In light of recent developments it would be a good idea to sketch a picture of the known Iranian threat groups. I used the information made available by MITRE ATT&CK.
Group5 is a threat group with a suspected Iranian nexus, though this attribution is not definite. The group has targeted individuals connected to the Syrian opposition via spearphishing and watering holes, normally using Syrian and Iranian themes. Group5 has used two commonly available remote access tools (RATs), njRAT and NanoCore, as well as an Android RAT, DroidJack.
OilRig or APT34 is a suspected Iranian threat group that has targeted Middle Eastern and international victims since at least 2014. The group has targeted a variety of industries, including financial, government, energy, chemical, and telecommunications, and has largely focused its operations within the Middle East. It appears the group carries out supply chain attacks, leveraging the trust relationship between organizations to attack their primary targets.

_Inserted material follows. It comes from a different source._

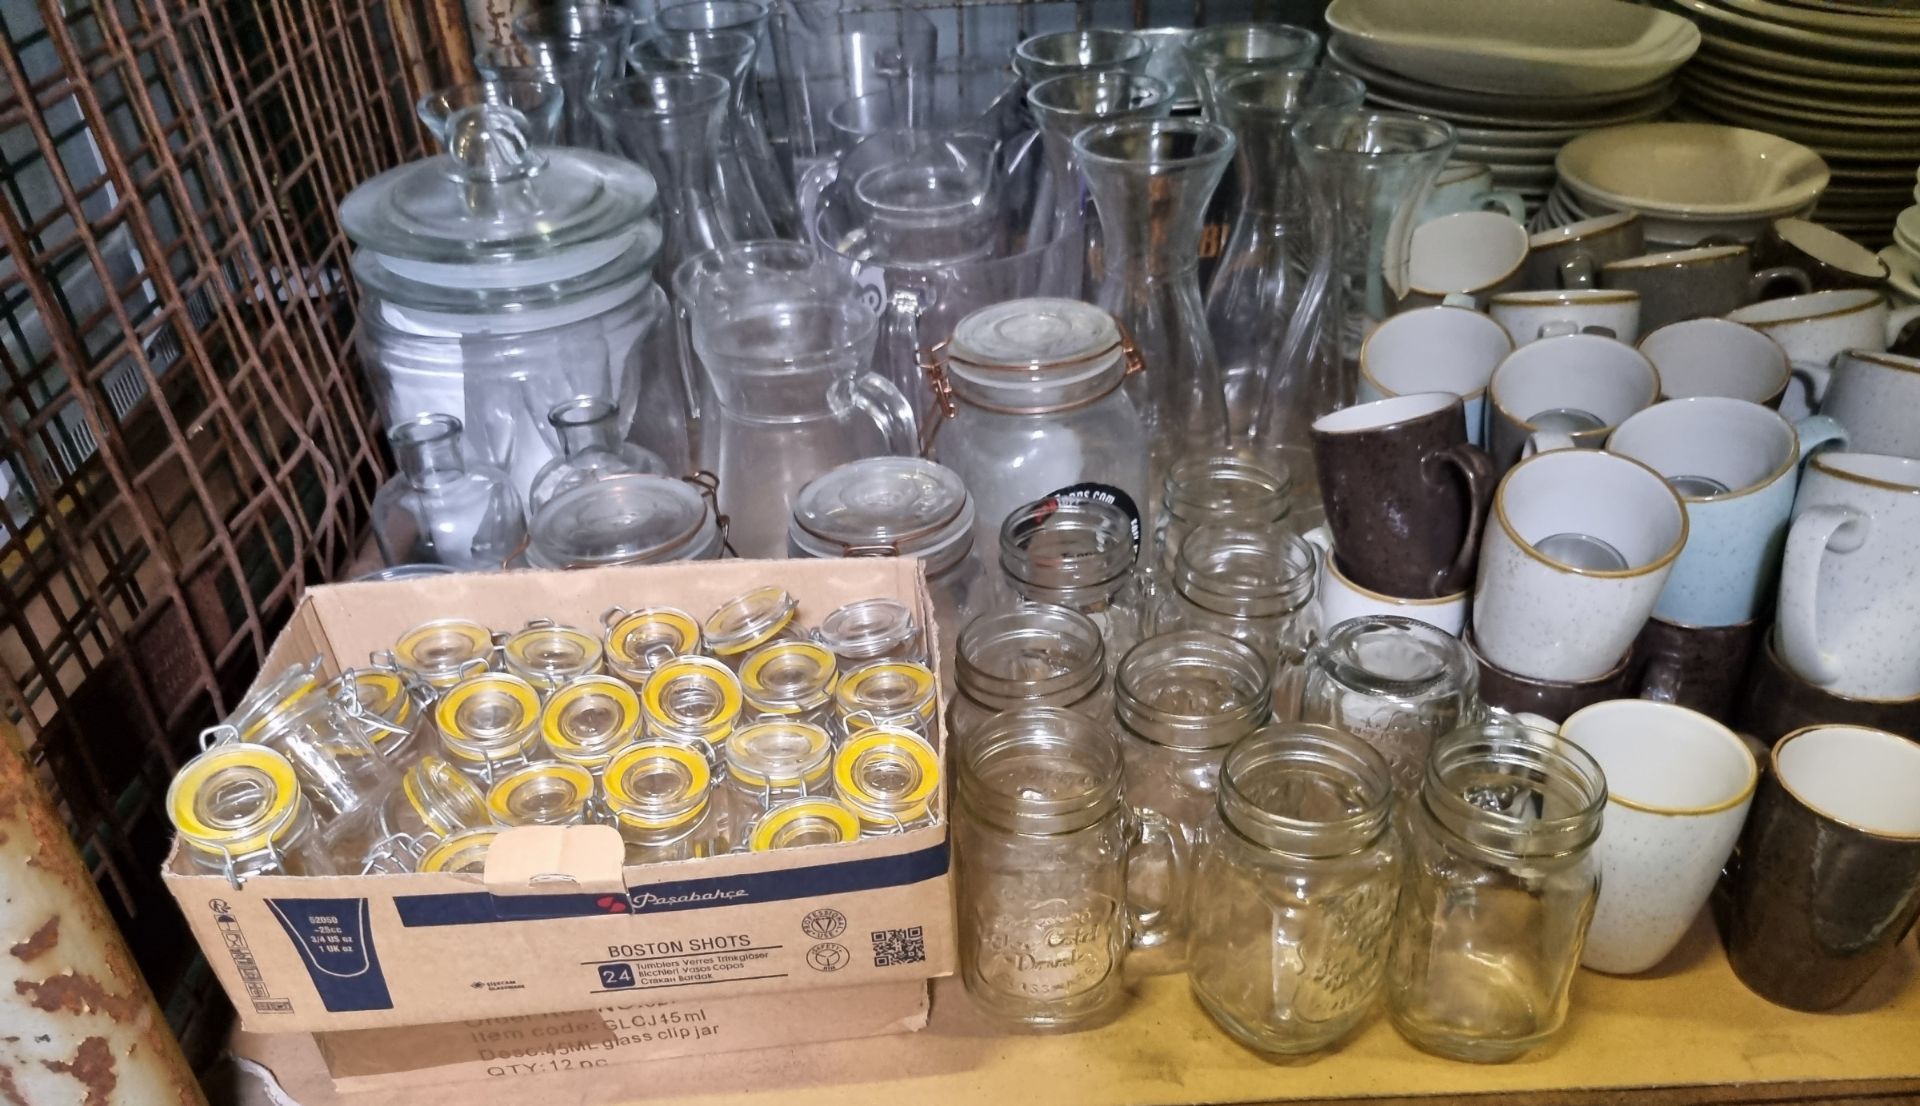 Tableware & glassware - plates, saucers, masonry glasses, jugs & shot glasses - Image 4 of 5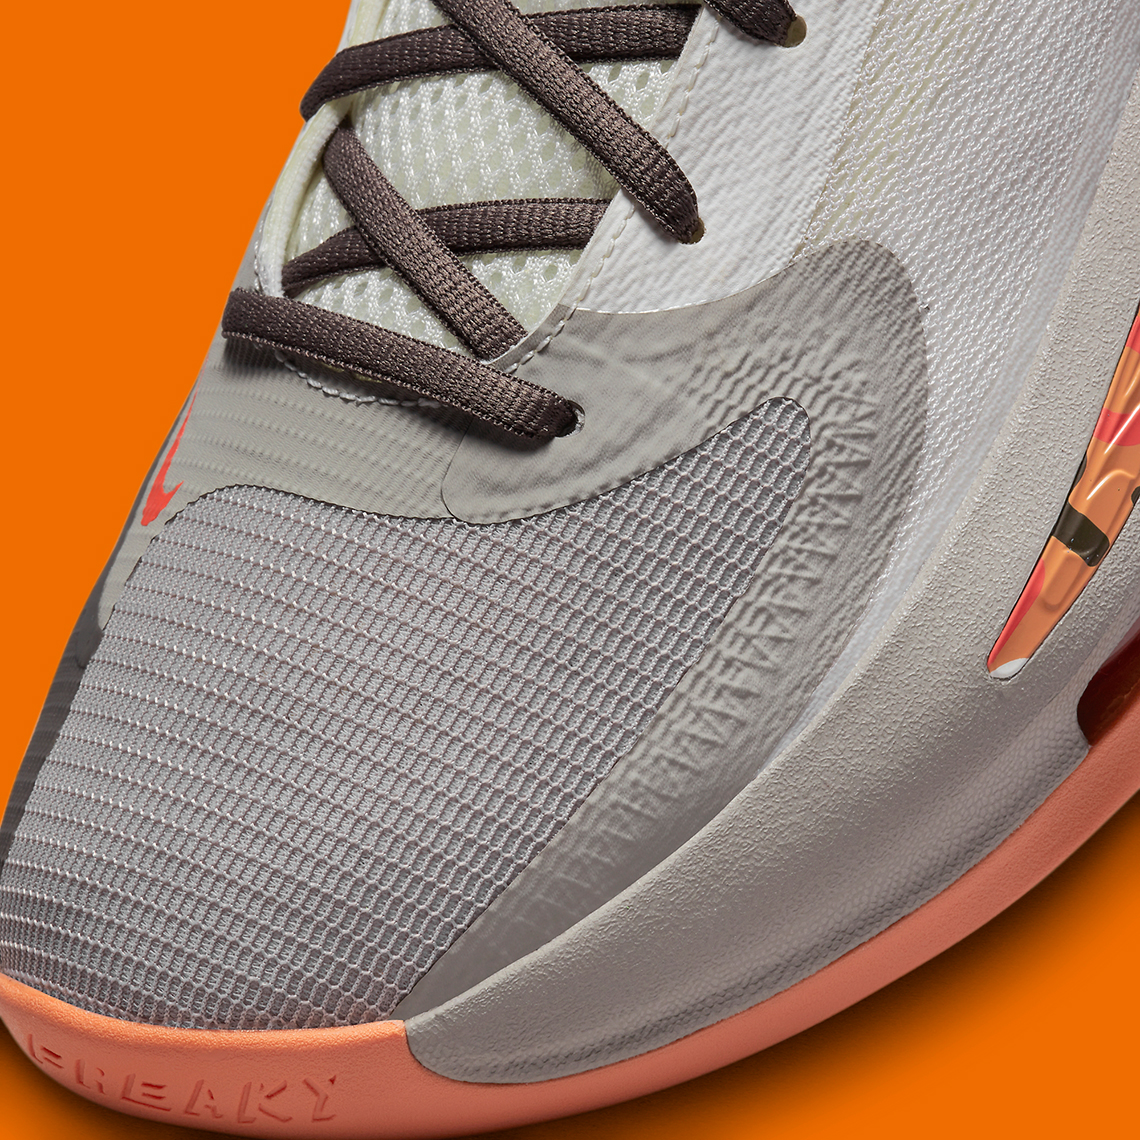 Nike nike tropical foamposite shoes Ironstone Orange Trance Cobblestone Sail Dj6149 003 7

Charming Kitten is an Iranian cyber espionage group that has been active since approximately 2014. They appear to focus on targeting individuals of interest to Iran who work in academic research, human rights, and media, with most victims having been located in Iran, the US, Israel, and the UK. Charming Kitten usually tries to access private email and Facebook accounts, and sometimes establishes a foothold on victim computers as a secondary objective. The group’s TTPs overlap extensively with another group, Magic Hound, resulting in reporting that may not distinguish between the two groups’ activities.
APT33 is a suspected Iranian threat group that has carried out operations since at least 2013. The group has targeted organizations across multiple industries in the United States, Saudi Arabia, and South Korea, with a particular interest in the aviation and energy sectors.